May 2 Python Learning summary IO model

Last Update:2018-05-06 Source: Internet

Author: User

Tags epoll

Developer on Alibaba Coud: Build your first app with APIs, SDKs, and tutorials on the Alibaba Cloud. Read more ＞

IO model

1, blocking IO2, non-blocking IO3, multiplexing IO4, asynchronous IO

One, blocking IO

The blocking IO is characterized by a block of two phases of IO execution (two stages of waiting for data and copying data).
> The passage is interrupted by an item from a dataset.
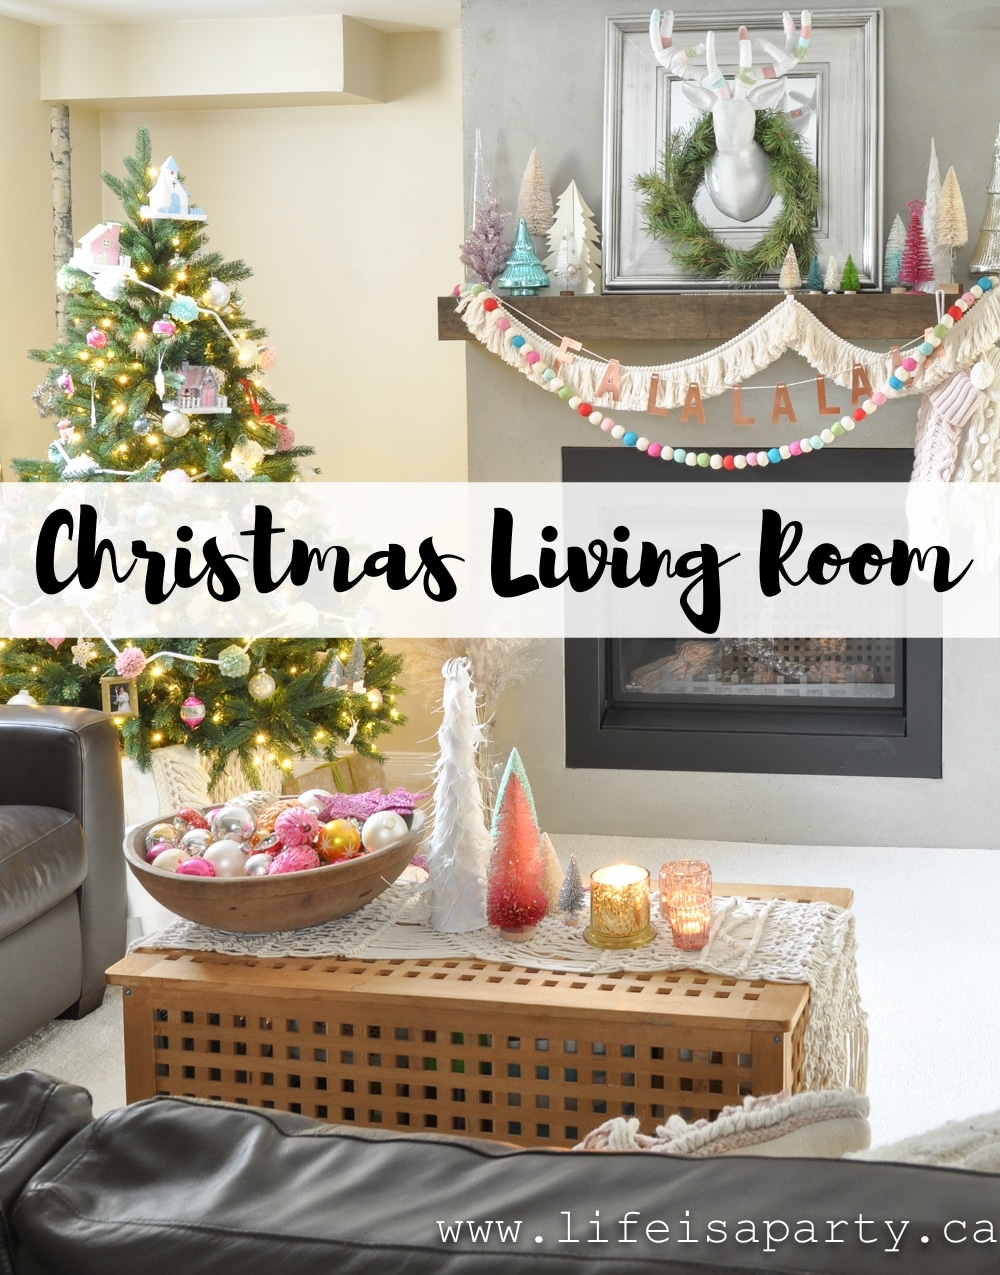 Colourful Christmas Family Room: Inspired by Anthropologie, with bottle brush Christmas trees, mercury glass, vintage ornaments, macrame, & pastel colours.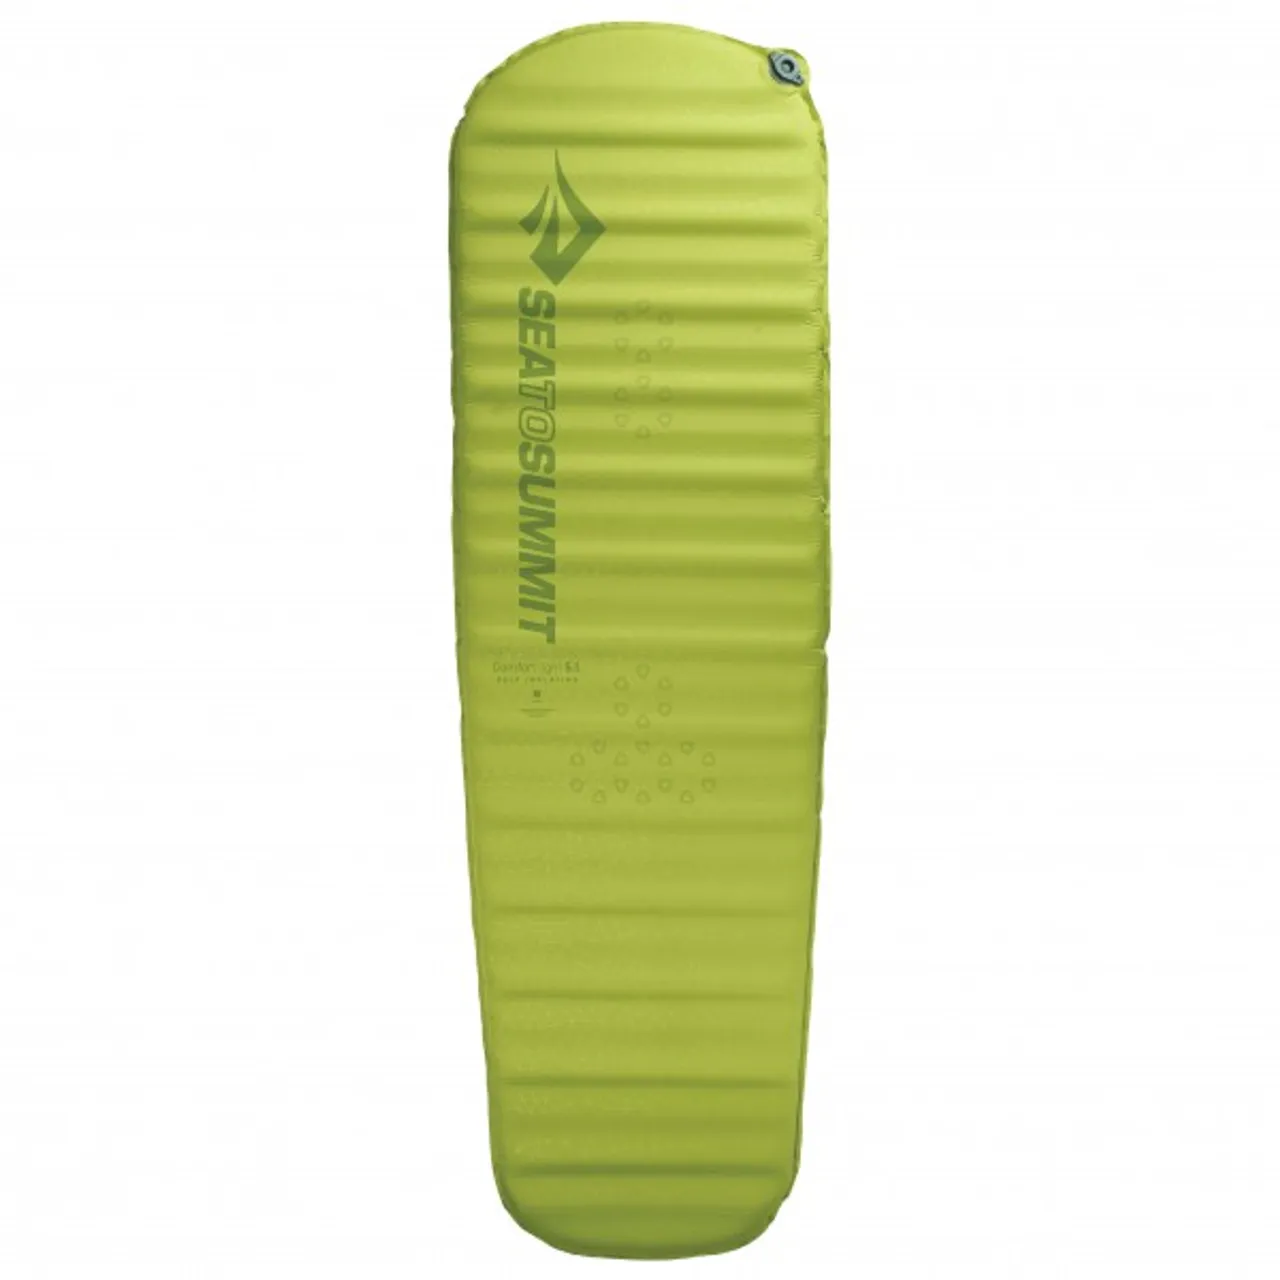 Sea to Summit - Comfort Light Self Inflating - Sleeping mat size Small, olive

Virtually all IO interfaces (including the socket interface) are blocking, unless specifically specified.

A blocking interface is a system call (typically an IO interface) that does not return a call result and keeps the current thread blocked until the system call obtains a result or a time-out error.

In Linux, all sockets are blocking by default, and a typical read operation flow is probably this:

Second, non-blocking IO (not recommended) keep asking.

Under Linux, you can make it non-blocking by setting the socket. When you perform a read operation on a non-blocking socket, the process looks like this:

As you can see, when the user process issues a read operation, if the data in kernel is not ready, it does not block the user process, but returns an error immediately. From the user process point of view, it initiates a read operation and does not need to wait, but immediately gets a result. When the user process determines that the result is an error, it knows that the data is not ready, so the user can do something else in the interval between this time and the next time the read query is initiated, or send the read operation directly again. Once the data in the kernel is ready and again receives the system call of the user process, it immediately copies the data to the user's memory (this phase is still blocked) and returns.

In non-blocking IO, the user process is in fact required to constantly proactively ask kernel data to be prepared.

#Service SideImportSocketImportTimeserver=Socket.socket () server.setsockopt (socket). Sol_socket,socket. SO_REUSEADDR,1) Server.bind ('127.0.0.1', 8083)) Server.listen (5) server.setblocking (False) r_list=[]w_list={} while1:    Try: Conn,addr=server.accept () r_list.append (conn)exceptBlockingioerror:#Emphasis emphasized :!!! The essence of non-blocking IO is no blocking at all!!!         #Time.sleep (0.5) # Opening the line comment is purely for the convenience of viewing the effect        Print('doing other things.')        Print('rlist:', Len (r_list))Print('wlist:', Len (w_list))#traverse the Read list, and then remove the socket to read the contentsdel_rlist=[]         forConninchr_list:Try: Data=CONN.RECV (1024)                if  notdata:conn.close () del_rlist.append (conn)ContinueW_list[conn]=Data.upper ()exceptBlockingioerror:#does not succeed, it continues to retrieve the next socket's receive                Continue            exceptConnectionreseterror:#The current socket is out of exception, then closed, and then added to the delete list, waiting to be clearedconn.close () del_rlist.append (conn)#traverse the Write list, then remove the socket send contentdel_wlist=[]         forConn,datainchW_list.items ():Try: Conn.send (data) del_wlist.append (conn)exceptBlockingioerror:Continue        #clean up useless sockets without having to listen to their IO operations         forConninchDel_rlist:r_list.remove (conn) forConninchDEL_WLIST:W_LIST.POP (conn)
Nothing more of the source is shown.